Jeder dritte Deutsche erkennt Falschnachrichten nicht, hält sie für eine echte Information. Das ist das Ergebnis einer Online-Befragung von 4.000 Teilnehmern über 18 Jahren durch die Denkfabrik "Stiftung Neue Verantwortung". Fake News sind also auch in Demokratien mit hohen Bildungsstandards ein echtes Problem. Für diese Erkenntnis genügt eigentlich schon der tägliche Blick in die sozialen Netzwerke: Dort wimmelt es nur so von falschen Behauptungen, Gerüchten sowie bewusster Desinformation - die meisten davon inzwischen zur COVID-19-Pandemie und den Impfungen. Kein Wunder also, dass zwei Drittel der DW Faktencheck-Beiträge 2021 diesem Thema gewidmet waren. Hier unsere Auswahl von zehn der krassesten Fakes, die in diesem Jahr viral gingen. 

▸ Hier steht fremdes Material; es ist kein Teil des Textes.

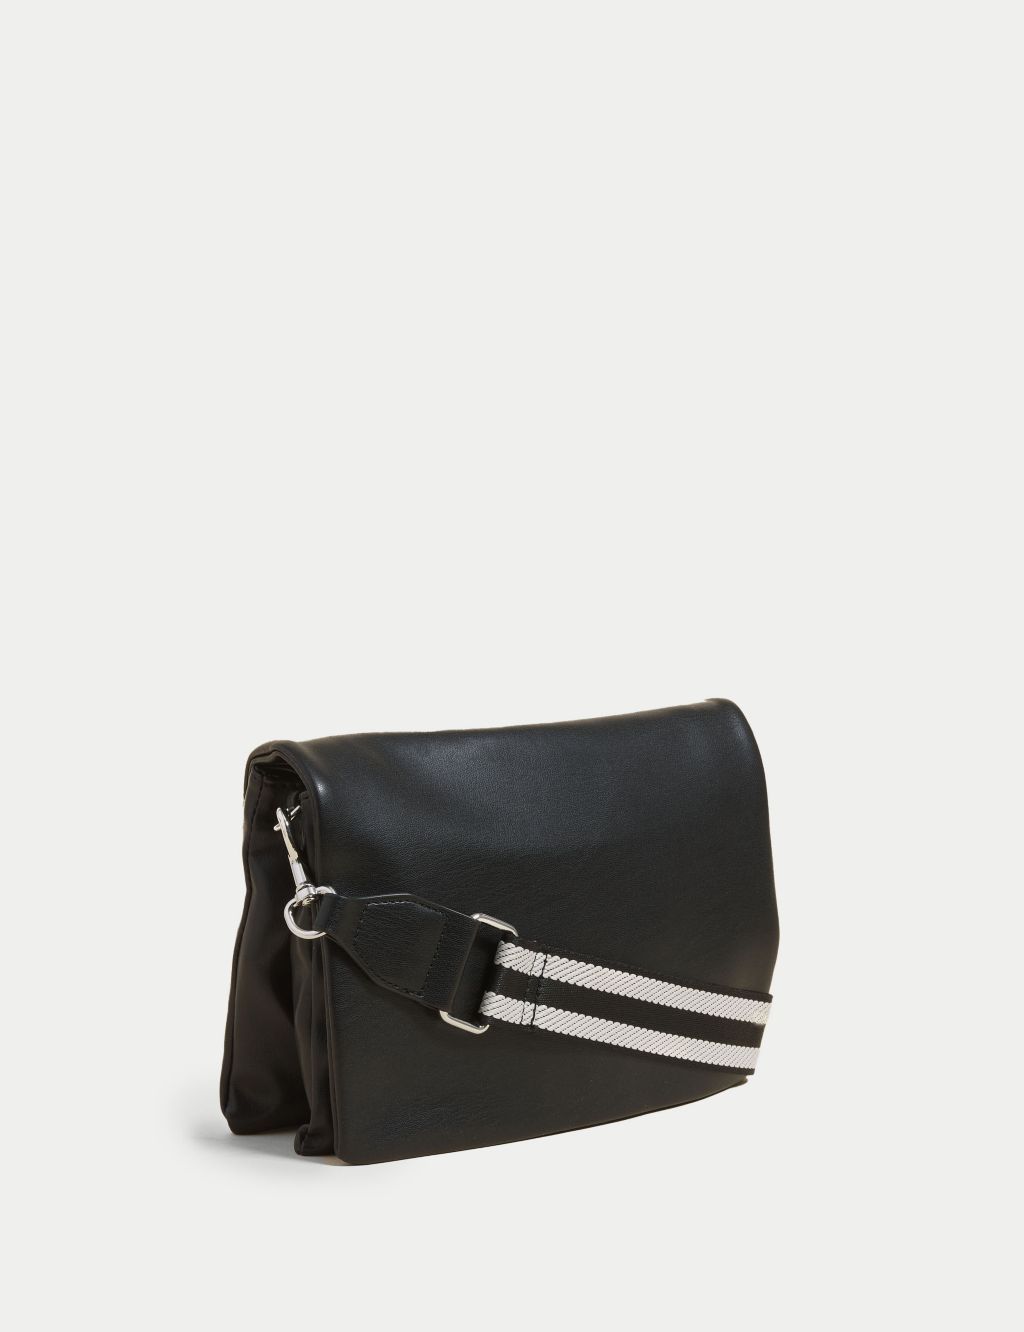 Faux Leather Messenger Cross Body Bag image 1

Nein, Corona-Impfungen machen Frauen nicht unfruchtbar

In zahlreichen Videos oder Meldungen wurde behauptet, dass sich die nach der Impfung gebildeten Antikörper nicht nur an das Spike-Protein des Coronavirus, sondern auch an ein ähnliches Protein namens Syncytin-1 heften können. Dieses Protein spielt eine Rolle beim Aufbau der Plazenta in der Gebärmutter. Werde dieses Protein durch die Immunantwort nach der Impfung gehemmt, führe dies zu Unfruchtbarkeit, so die Argumentation. Aber das ist falsch. 

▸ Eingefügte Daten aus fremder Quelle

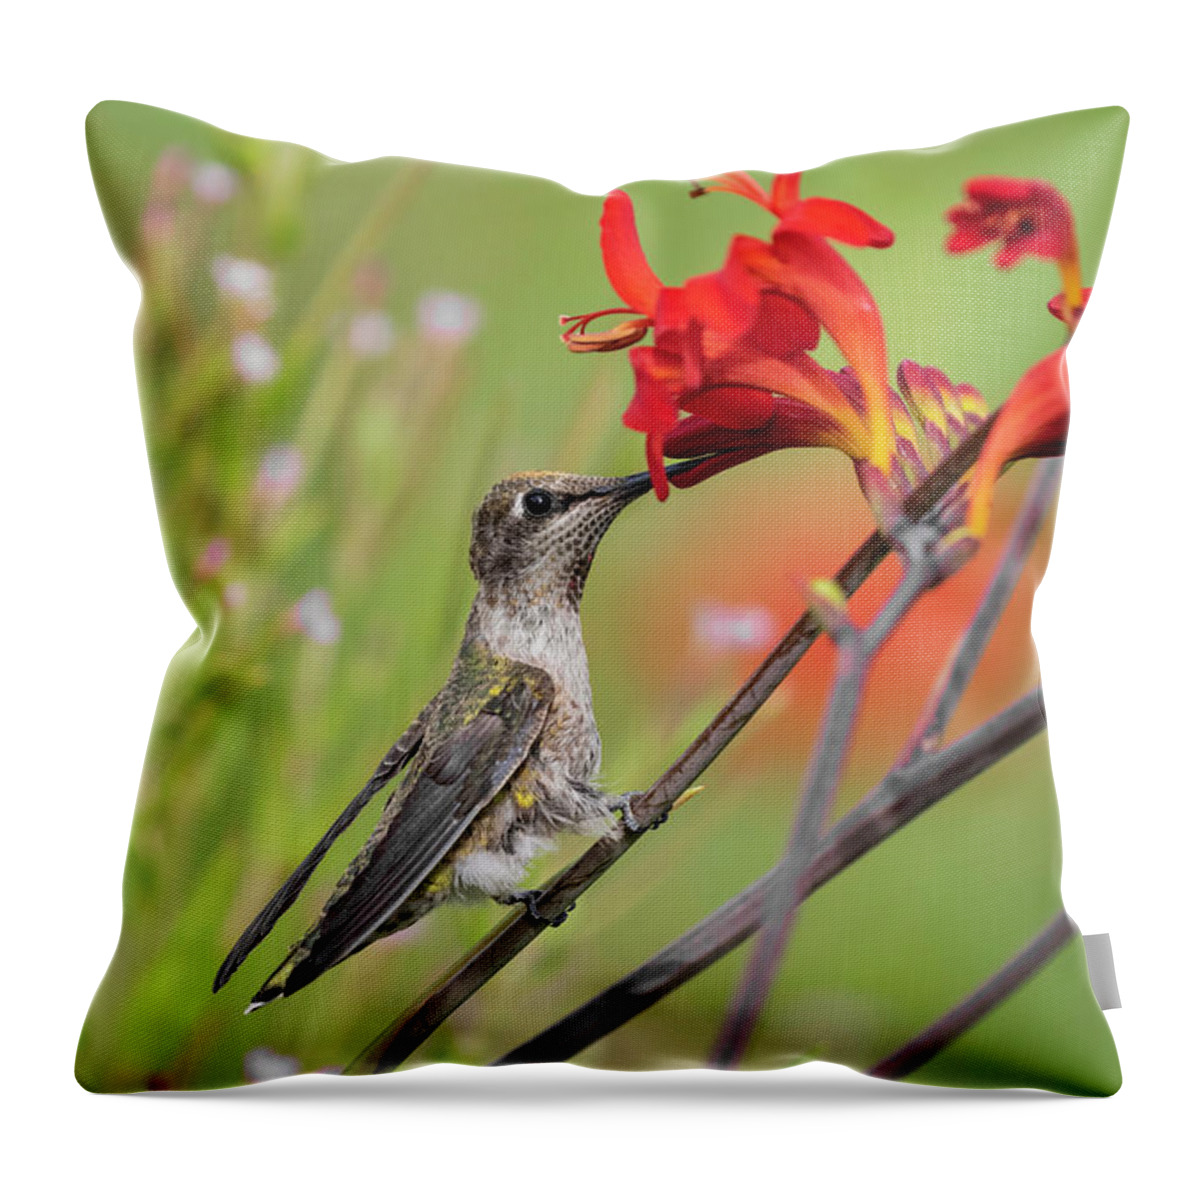 Sipping Sipping Away Throw Pillow featuring the photograph Sipping Sipping Away by Wes and Dotty Weber

Die DW stellte mithilfe von Udo Markert, Leiter des Plazentalabors am Universitätsklinikum Jena, in einem Faktencheck fest, dass die Ähnlichkeit der beiden Proteine viel zu gering ist, um die Unfruchtbarkeit als Folge der Impfung zu verursachen. Den Zusammenhang zwischen der Corona-Impfung und der Fruchtbarkeit haben auch die Wissenschaftler der British Fertility Society ausgeschlossen. 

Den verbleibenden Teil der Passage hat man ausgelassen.